▶ Provided material:

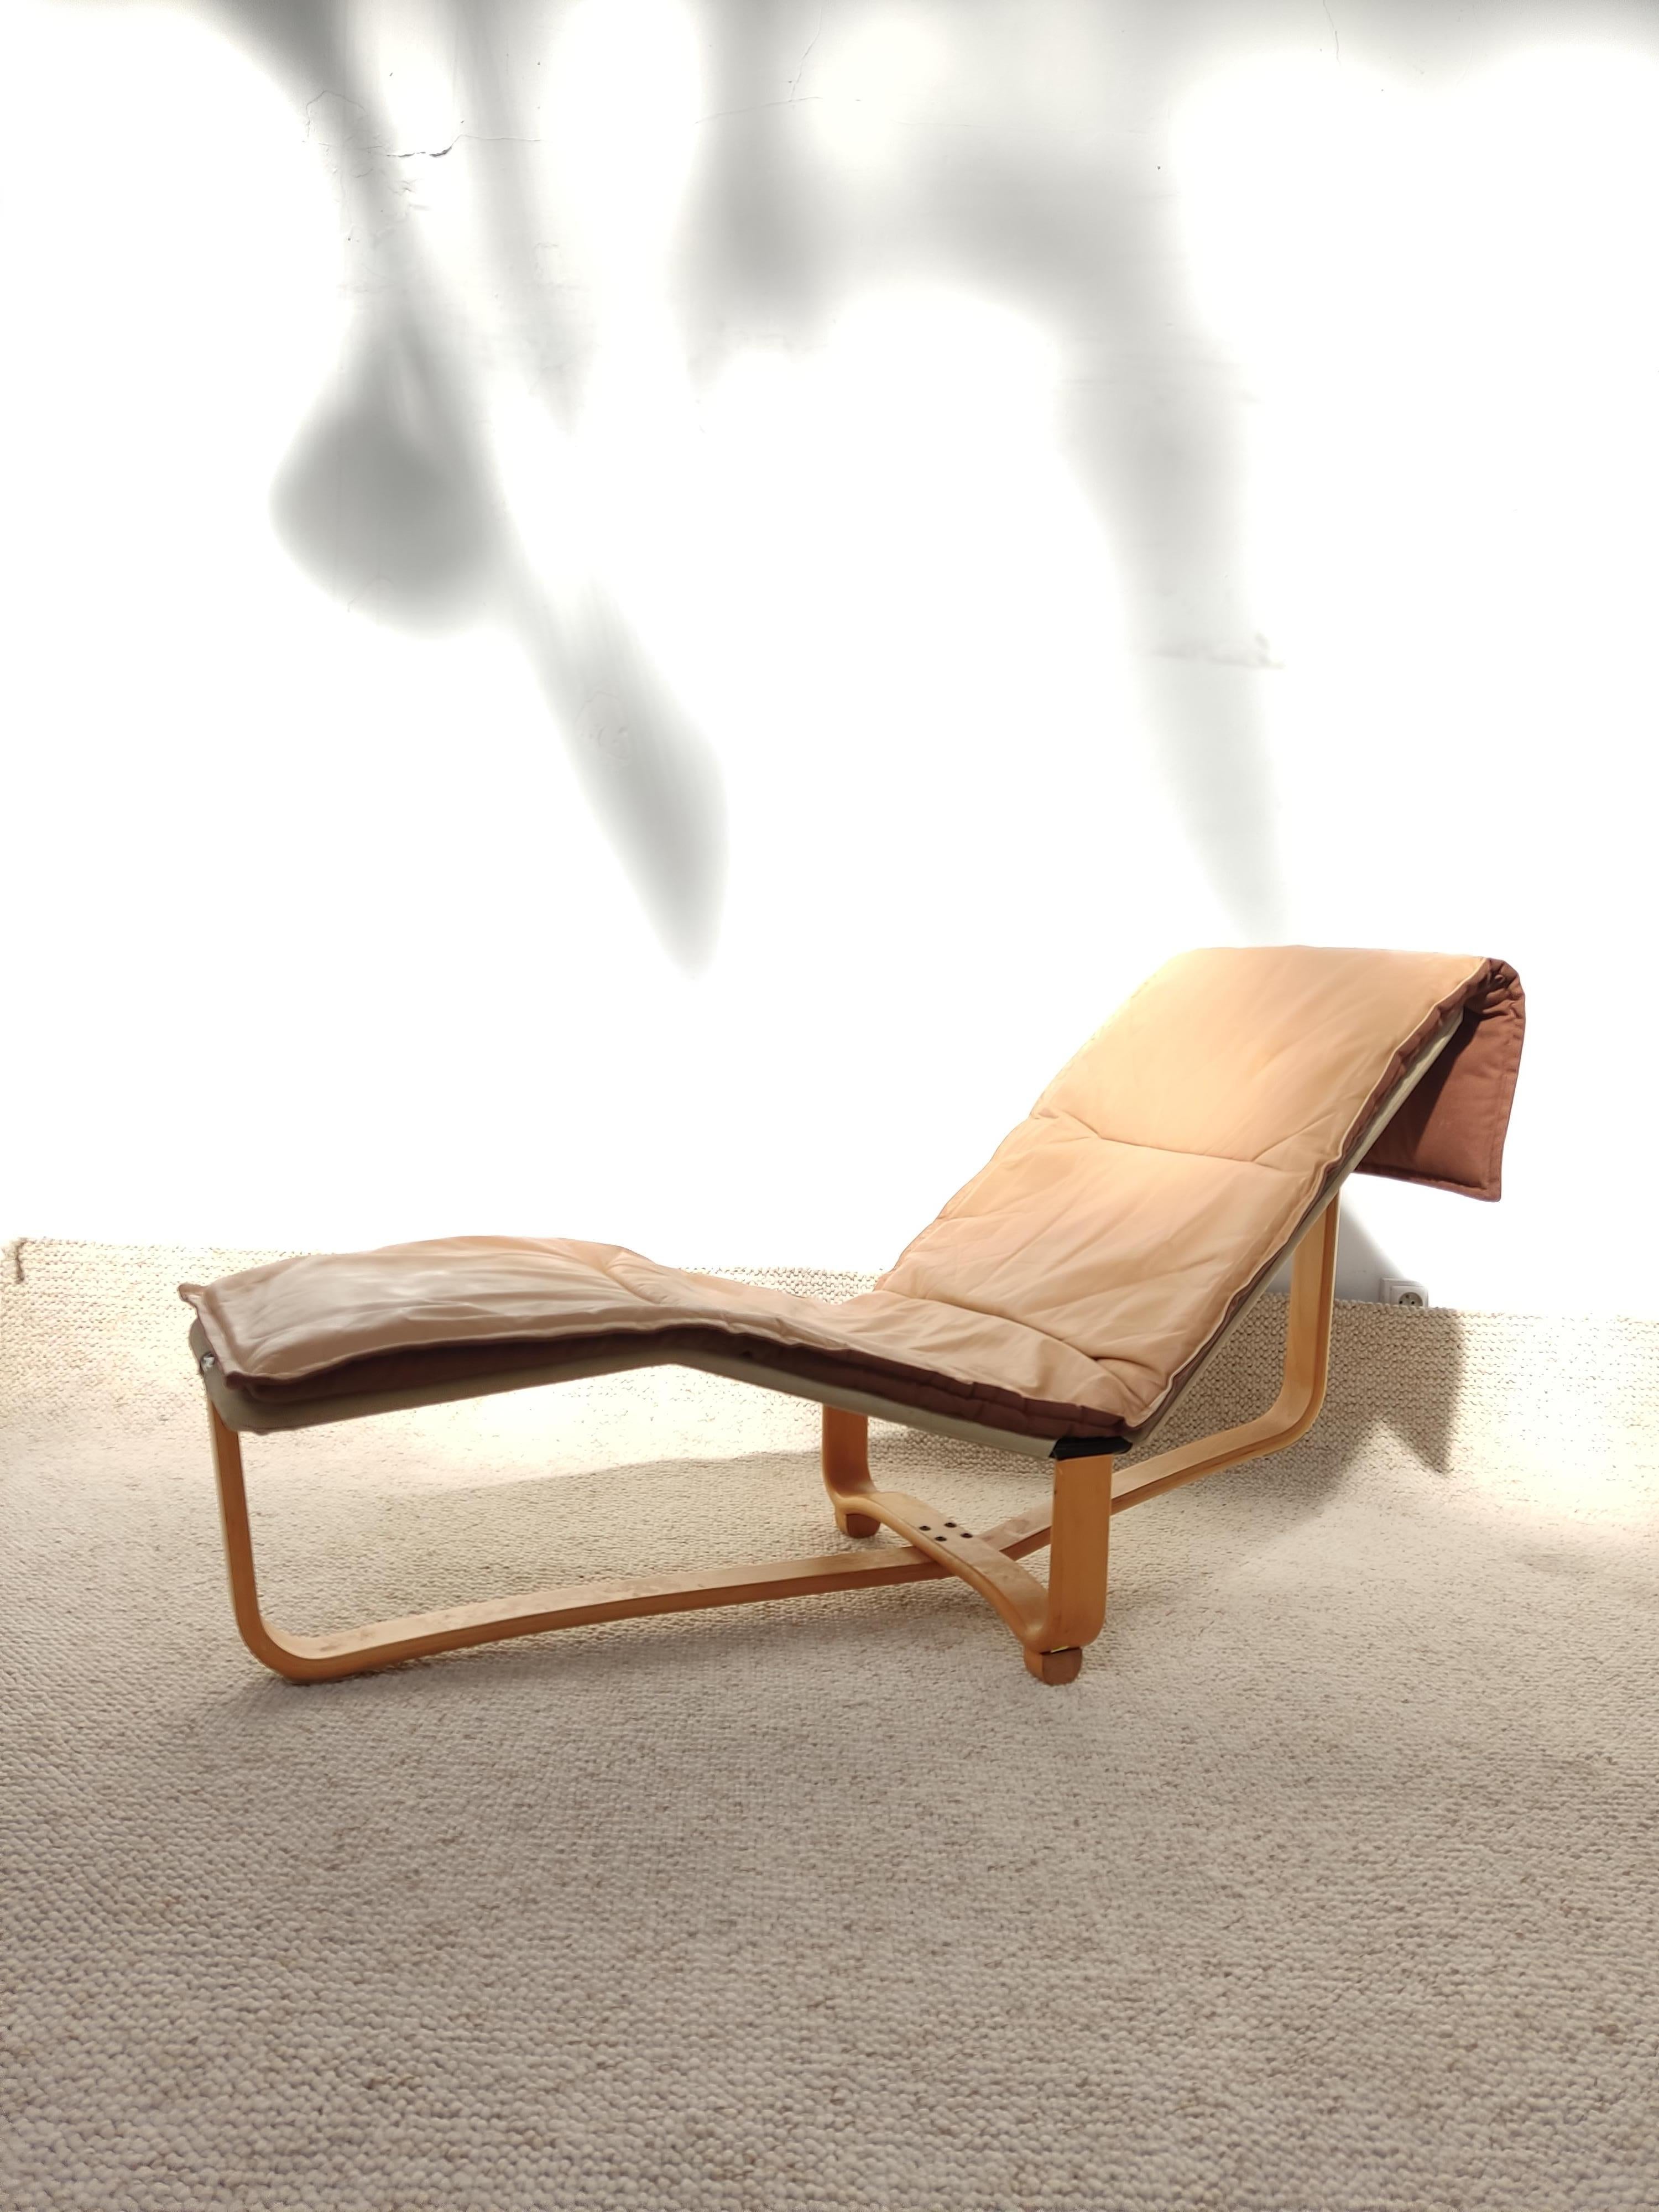 Ingmar (1920-2002) & Knut Relling (XX-XXème) 
Chaise-longue with plywood structure from which rests a black lacquered metal frame covered with a canvas. Camel leather seat cushion. Label of the editor under the seat.
Edition: Westnofa Furniture,

▶ What this task involves: A verbatim copy of the material, pictures excluded, is what must be produced.

▶ Exercise solution:
 Ingmar (1920-2002) & Knut Relling (XX-XXème) 
Chaise-longue with plywood structure from which rests a black lacquered metal frame covered with a canvas. Camel leather seat cushion. Label of the editor under the seat.
Edition: Westnofa Furniture,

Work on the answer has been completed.